Answer:
Explanation:
Newton's method is an iterative method for finding the roots of a differentiable function. Let's consider finding a root of a function f(x) using Newton's method:
x_{n+1} = x_n - f(x_n)/f'(x_n)
We can write this iteration as a fixed point iteration:
x_{n+1} = g(x_n)
where g(x_n) = x_n - f(x_n)/f'(x_n)
To show that Newton's method converges when written as a fixed point iteration, we need to show that g(x) is a contraction mapping in some neighborhood of the root.
First, let's find the derivative of g(x):
g'(x) = (f(x)f''(x))/(f'(x))^2
Since we are interested in finding the roots of f(x), let's assume that f(x) has a root at r. We can then write:
f(x) = f(r) + f'(r)(x-r) + O((x-r)^2)
Substituting this into the formula for g(x), we get:
g(x) = x - [f(r) + f'(r)(x-r) + O((x-r)^2)]/[f'(r) + f''(r)(x-r) + O((x-r)^2)]

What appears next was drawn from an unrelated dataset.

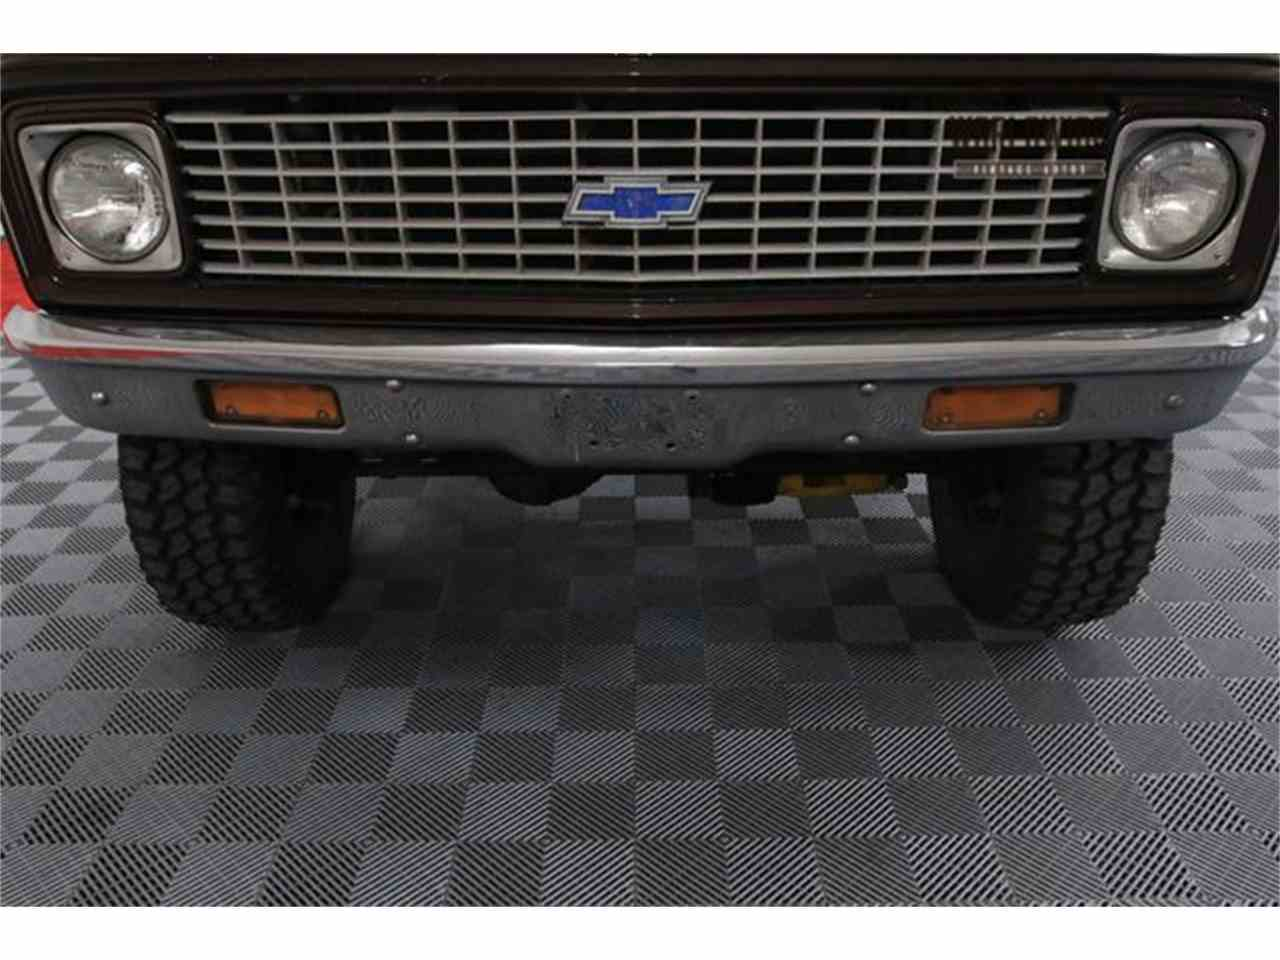 Large Picture of 1971 Chevrolet Blazer - $24,900.00 - LI5Q

We can simplify this expression by dropping the higher order terms and assuming that x is close to r:
g(x) = x - [f(r) + f'(r)(x-r)]/[f'(r) + f''(r)(x-r)]
= (xf'(r) - f(r))/[f'(r) + f''(r)(x-r)]
Now, let's consider the behavior of g'(x) in a neighborhood of r:
g'(x) = (f(x)f''(x))/(f'(x))^2
= [f(r) + f'(r)(x-r) + O((x-r)^2)][f''(r) + O(x-r)]/([f'(r) + f''(r)(x-r) + O((x-r)^2)])^2
= [f''(r)f(r) + O(x-r)]/[f'(r) + f''(r)(x-r) + O((x-r)^2)]^2
Since f(r) = 0, we can simplify this expression further:
g'(x) = f''(r)/(f'(r))^2 + O(1/(x-r))
As x approaches r, the term O(1/(x-r)) approaches zero, and we are left with:
g'(r) = f''(r)/(f'(r))^2
If g'(r) is less than one in absolute value, then g(x) is a contraction mapping in a neighborhood of r, and Newton's method will converge to r.
Let's consider two cases:
g'(r) = 0
If g'(r) = 0, then g(x) is not a contraction mapping, and Newton's method may not converge to r.
g'(r) ≠ 0
If g'(r) ≠ 0, then we can rewrite g(x) as:
g(x) = r + [g(x) - r]
= r + [(x-r) - f(x)/f'(x)]/[1 + g'(r)(x-r)/f'(r)]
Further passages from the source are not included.